Key areas on the roadmap include:

  • Registry API: A unified and hosted metadata service to centralize the discovery and publishing of mCP servers [01:22:00]. This will address fragmentation and enable dynamic discovery of new capabilities for agents, making them self-evolving [01:36:01]. It will also help with trust and verification (e.g., official servers) and versioning [01:23:25], [01:24:01].
  • .well-known: A complement to the registry, allowing services (like shopify.com) to host a .well-known/mcp.json file to declare their mCP endpoint, resources, and tools [01:39:27]. This provides a top-down, verified way for agents to find and use tools on a specific domain [01:40:07].
  • Stateful vs.

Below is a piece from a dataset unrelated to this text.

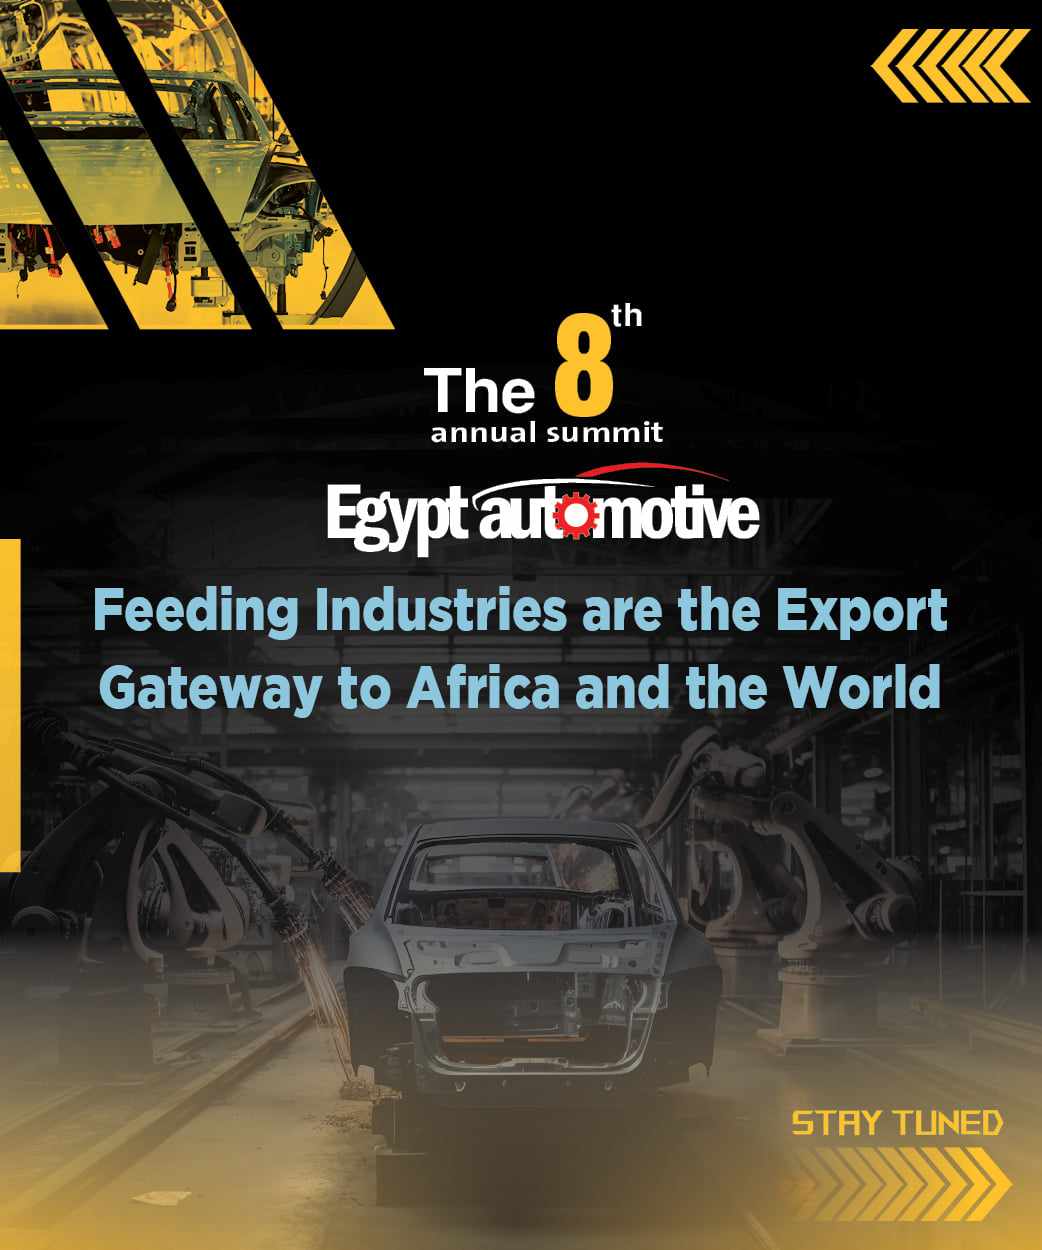 The 8th Annual Summit of Egypt Automotive

Stateless Connections: Exploring short-lived HTTP-like connections for basic requests and long-lived SSE connections for advanced features like sampling or server-to-client notifications [01:41:41].
  • Streaming: Supporting first-class streaming of multiple chunks of data from server to client within the protocol [01:42:41].
  • Namespacing: Addressing tool name conflicts when multiple servers expose tools with the same name, potentially through logical grouping of tools or first-class protocol support [01:42:51].
  • Proactive Server Behavior: Developing patterns for servers to initiate actions (e.g., event-driven, deterministic systems) by asking for user input or notifying the user about something [01:43:31].

Considerations and Best Practices

  • Error Handling and Debugging: While mCP itself doesn’t enforce observability, the server builder is incentivized to expose useful data and debugging information via metadata to the client for a good user experience [01:05:25]. Tools like “Inspector” (from Anthropic) allow users to examine logs and server connections [01:09:49].
  • Version Control: mCP servers, often released as packages (npm, pip), follow standard package versioning, implying clear upgrade paths [01:16:09]. The upcoming registry will also support versioning for metadata [01:24:01].
  • Trust and Security: Users should be judicious about which servers they connect to [01:18:06]. The server builder is responsible for controlling the flow of information and authentication, and future registry features will aid in verifying trusted sources [01:11:31], [01:38:19].
  • LLM Generation of Servers: For simpler servers that primarily wrap existing APIs, LLMs can automatically generate mCP servers [01:49:24]. However, more complex logic, logging, and data transformations may require manual implementation [01:50:00].
  • Transport Agnostic: mCP is transport agnostic, meaning the underlying communication method (e.g., standard IO, SSE) does not alter the protocol’s fundamental behavior, allowing for custom transports [01:32:05].